When
did noise become an accepted component of dining out? Or attending a
wedding? Or enjoying a couple of Marzan Lagers at the local brew pub?
Why has the murmur of conversation morphed into the agitated
shout-speak of college kids at a frat party?
One reason is the prevailing fashions in architecture and interior
design. The acres of glass, cement and corrugated metal we encounter
everywhere doesn't absorb sound—they bounce it back to us like a
letter with insufficient postage.
Add
blaring juke boxes, oversized Jenga games and public address systems
set on 'stun' and we are writing a blank check for the next generation of audiologists.
But
the rest of it?
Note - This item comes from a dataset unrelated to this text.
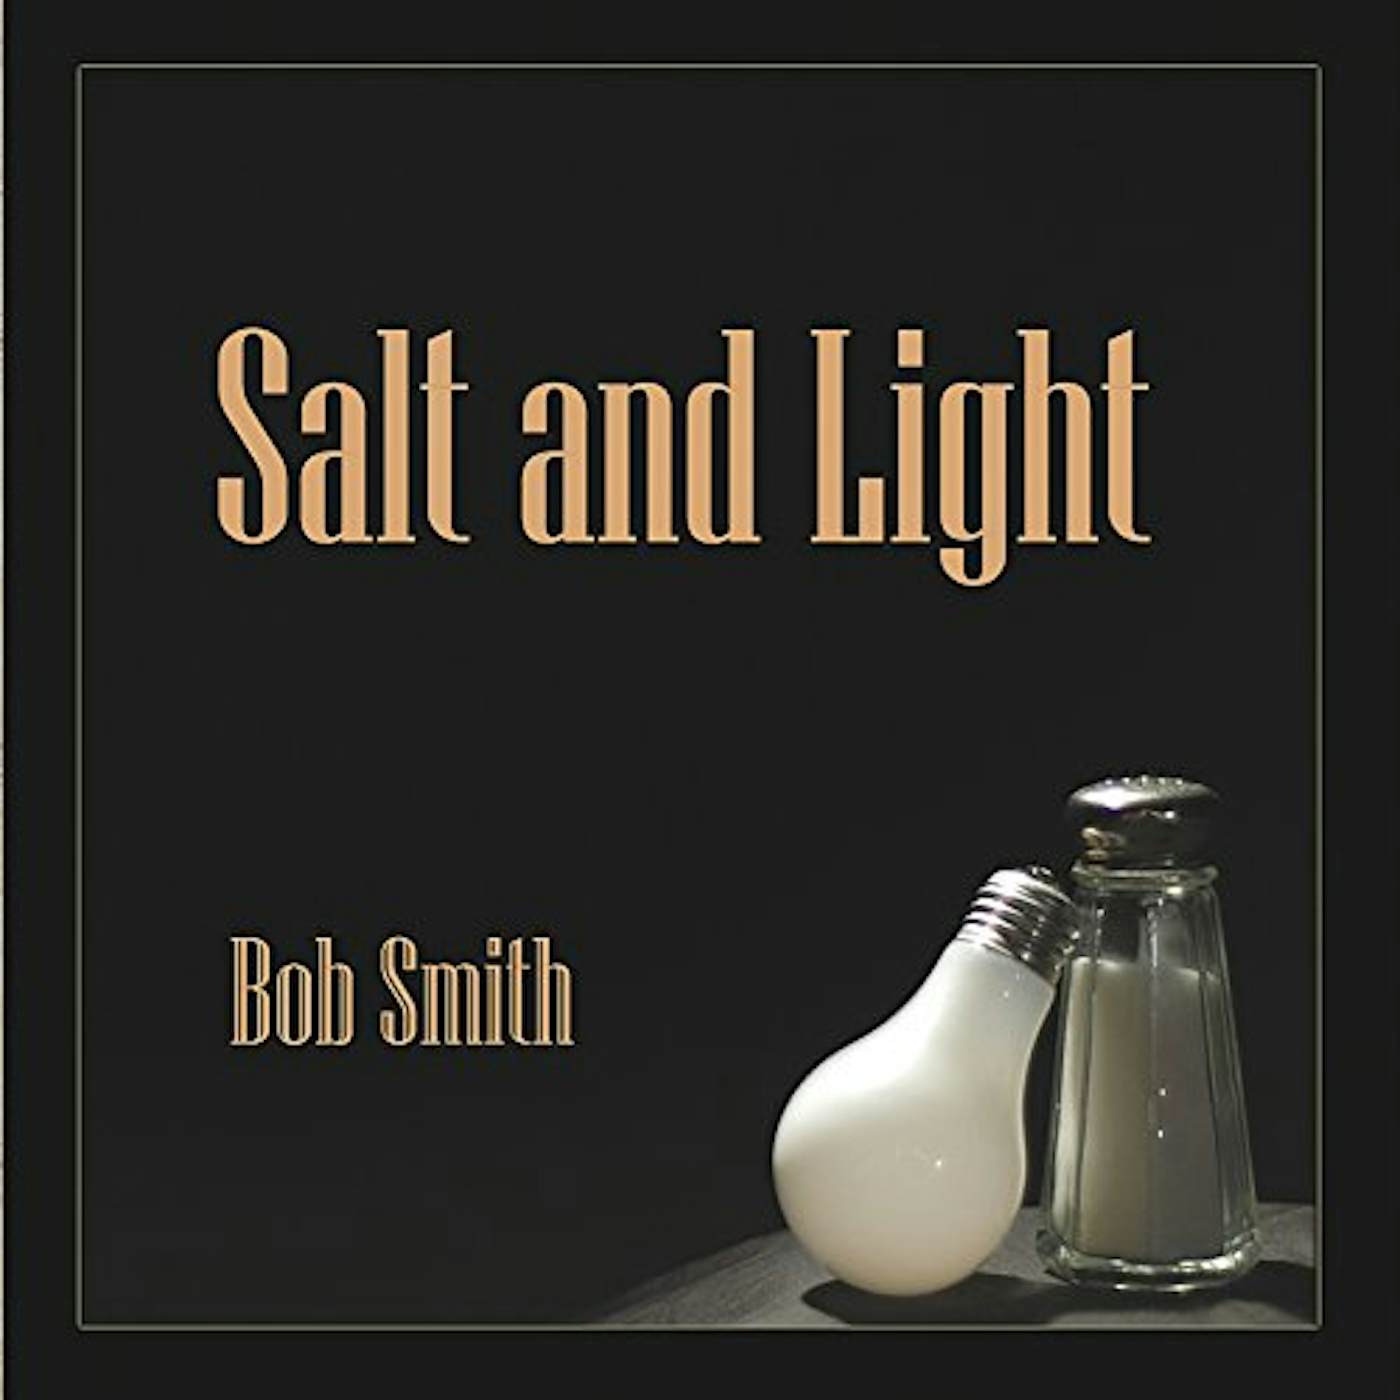 Bob Smith SALT AND LIGHT CD

Not so simple.
Okay—I'll
admit it. I'm old. But tell me why going out to dinner—even where
the house band isn't named the Who or Deep Purple—requires ear
plugs.
You
know noise and digestion go together like beets and milk,
right?
Eating
dinner at a wedding reception demands that we withstand a barrage of
DJ announcements—at least when he or she isn't overwhelming the
room with music played twice as loud as it needs to be.
Even
attending a low-key event like an outdoor car show requires
protecting oneself from a public address system capable not only of
overcoming the rustle of leaves in a soft breeze but of delivering inane
announcements into the next zip code.
Even libraries have fallen prey to this pitiable trend.
I
get it that to a younger generation requiring constant external stimuli to feel alive
or even awake, noise is life. And this has been duly reinforced by
our media. (One more variation of 'live out loud' and I'm going to puke.)
But
ultimately, noise is a distraction. And I don't want to be distracted.
Not
when I'm engaging in conversation over dinner with a friend. Not when I'm celebrating
the union of a young couple. And not when I'm drinking in the
splendor of a cream-colored 1952 Jaguar X-120.
Silence is resonant. Silence is reflection. Silence is a space pregnant with possibilities.
iPhones weren't invented at a wedding reception in between blasts of Kanye West and Taylor Swift. The Magna Carta wasn't conceived at Texas Roadhouse, with its shrieking toddlers and way-too-loud doses of Miranda Lambert and Lady Antebellum.
And I surely didn't write this shielding my ears from the over-caffeinated moron yelping over a PA powerful-enough to make Metallica smile.
Technology is a distraction, one which isolates us from the very world it purports to connect us with.
In our embrace of it, I only wonder what it is we are so desperately trying to distract ourselves from.